+++ GIVEN DATA +++
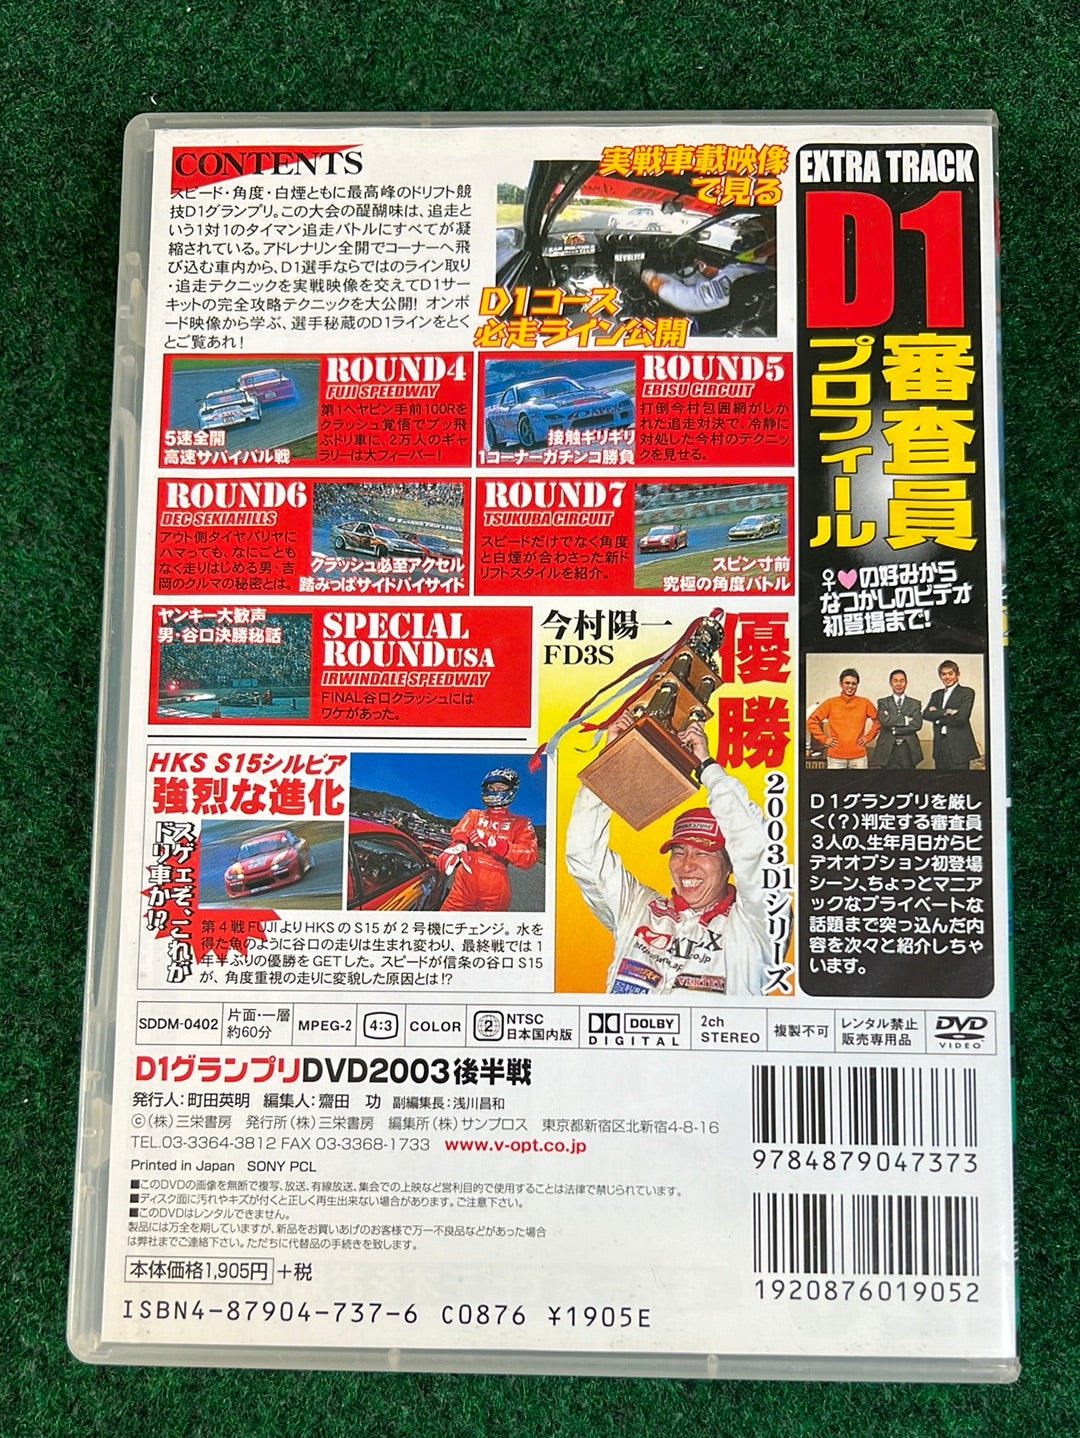 Option Video DVD - 2003 D1 Grand Prix Series Rd. 4-7 & USA DVD
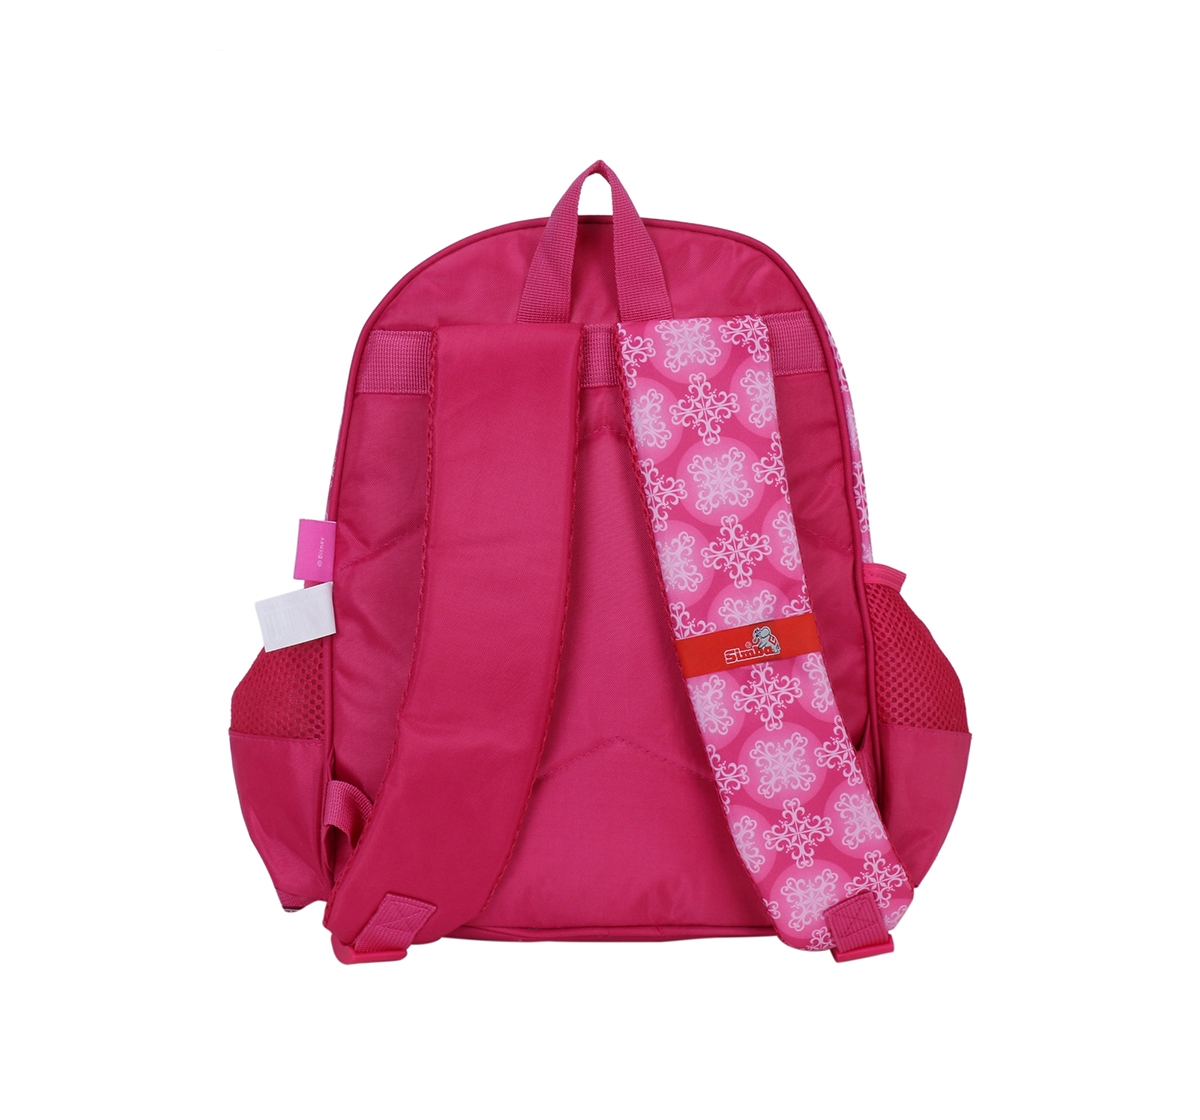 DISNEY | Disney Princess Castle 18" Backpack Bags for Girls age 3Y+  4
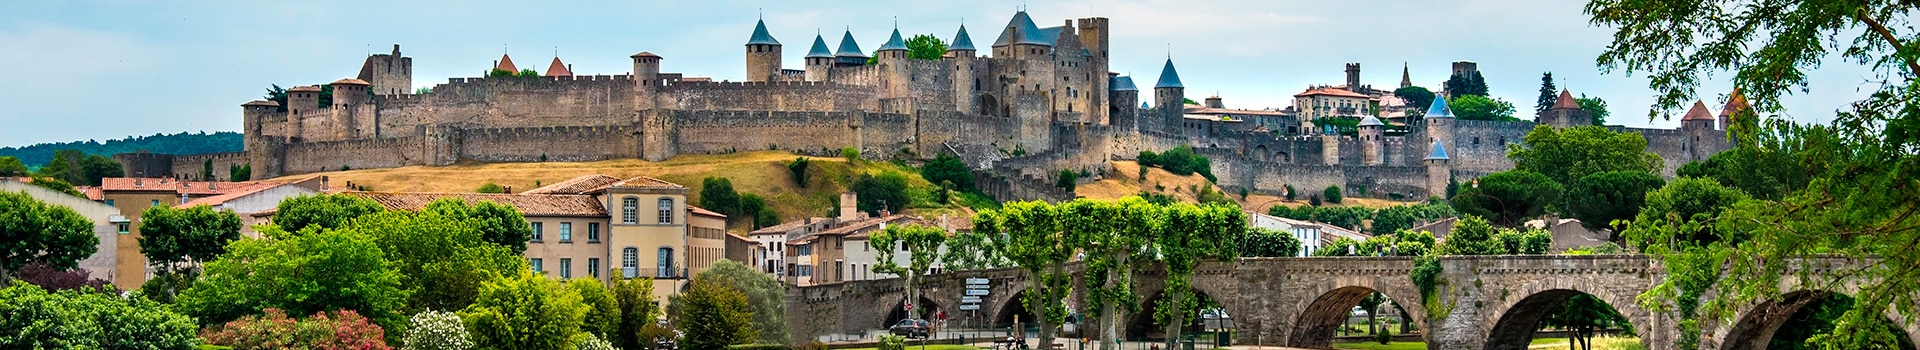 Oporto - Carcassonne
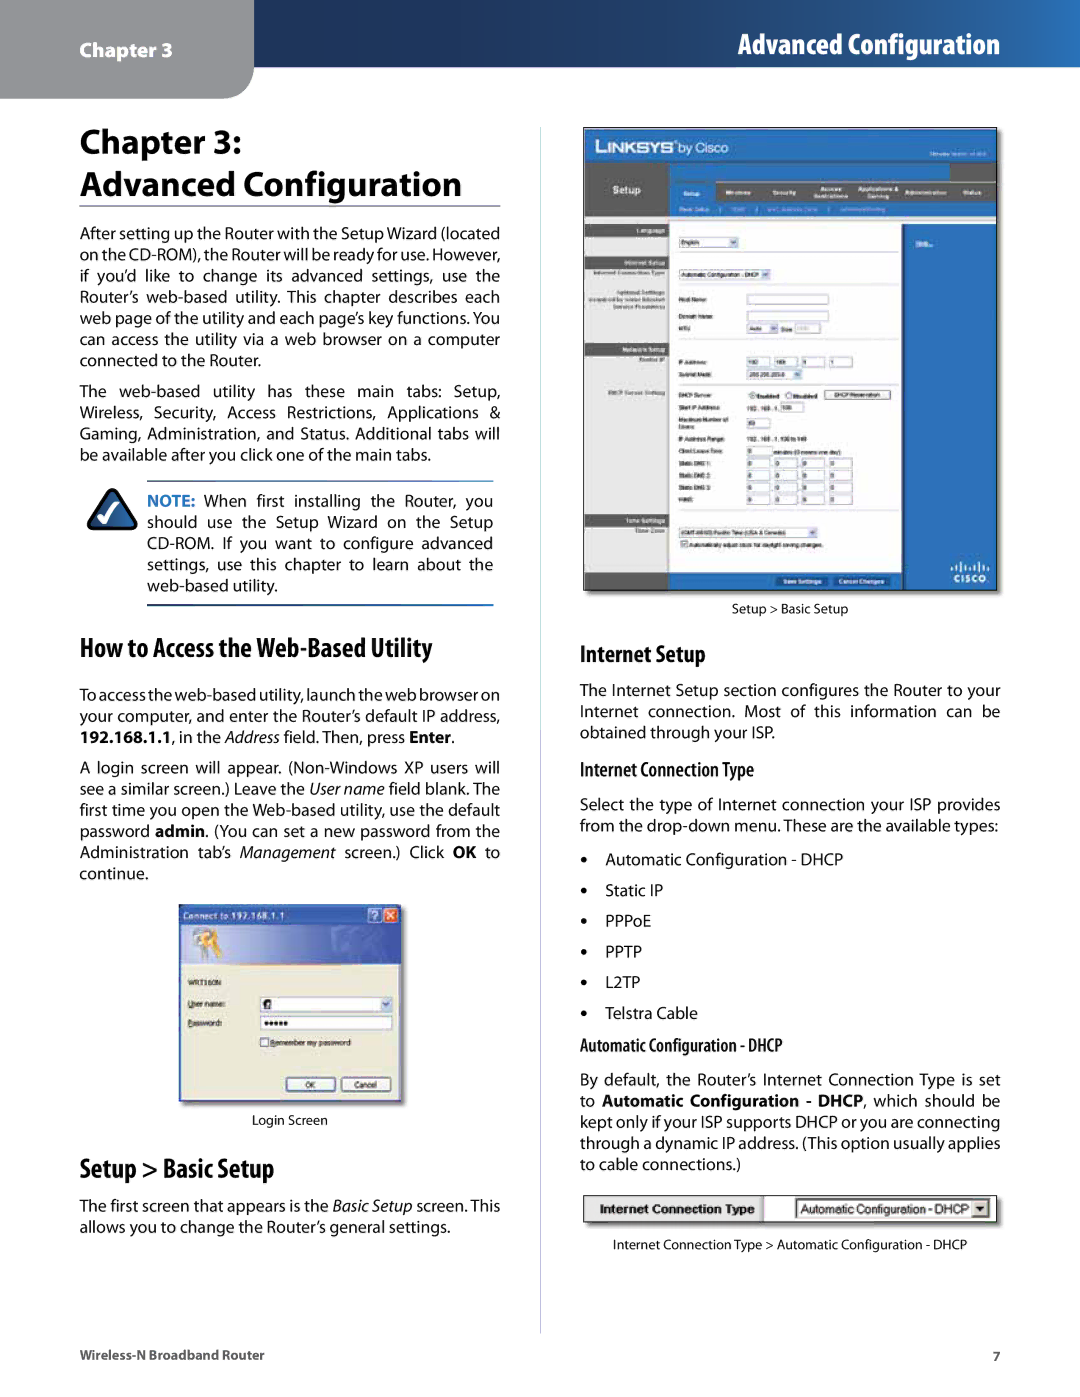 Linksys WRT160N Chapter Advanced Configuration, How to Access the Web-Based Utility, Setup Basic Setup, Internet Setup 
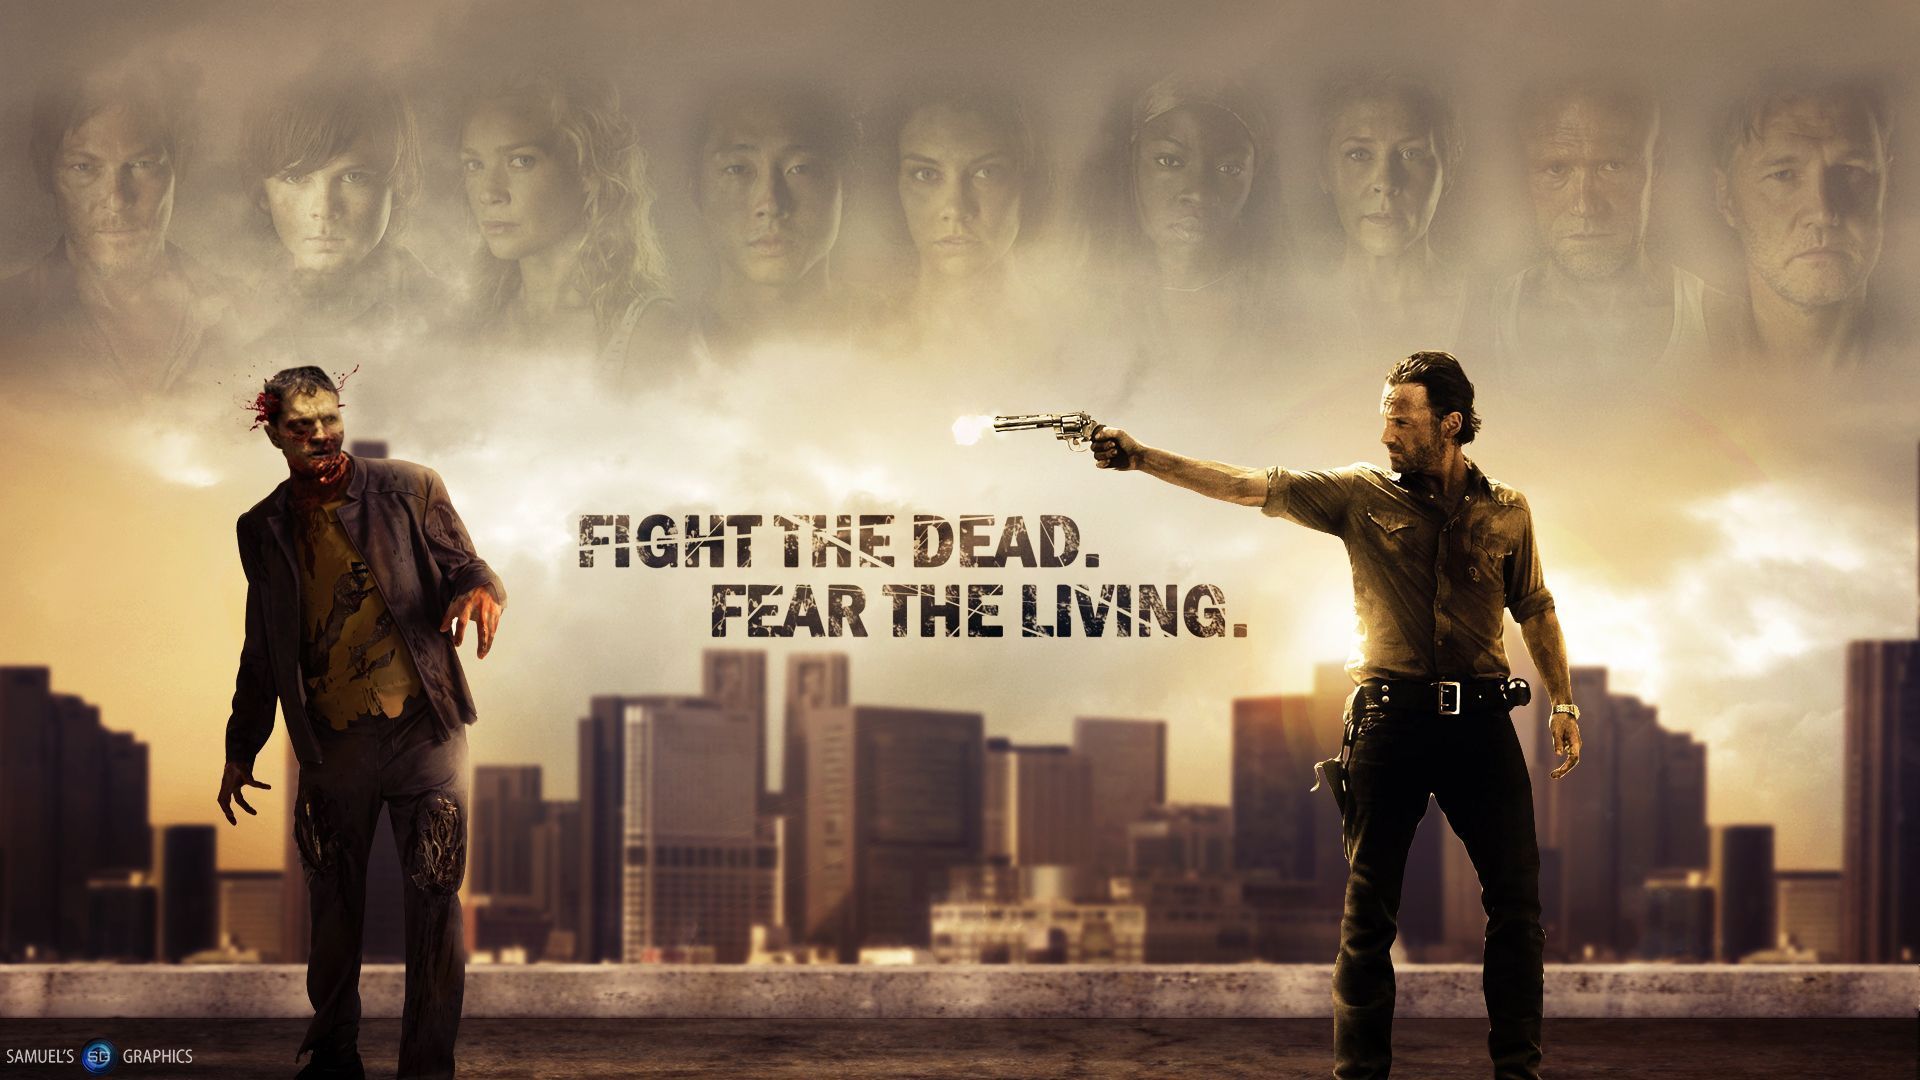 The Walking Dead Backgrounds
+++
TASK TO CARRY OUT: Where a picture appears in the material above, skip it, and print the rest exactly.

YOUR RESPONSE:
 Option Video DVD - 2003 D1 Grand Prix Series Rd. 4-7 & USA DVD
 DISNEY | Disney Princess Castle 18" Backpack Bags for Girls age 3Y+  4
 Oporto - Carcassonne
 Linksys WRT160N Chapter Advanced Configuration, How to Access the Web-Based Utility, Setup Basic Setup, Internet Setup 
 The Walking Dead Backgrounds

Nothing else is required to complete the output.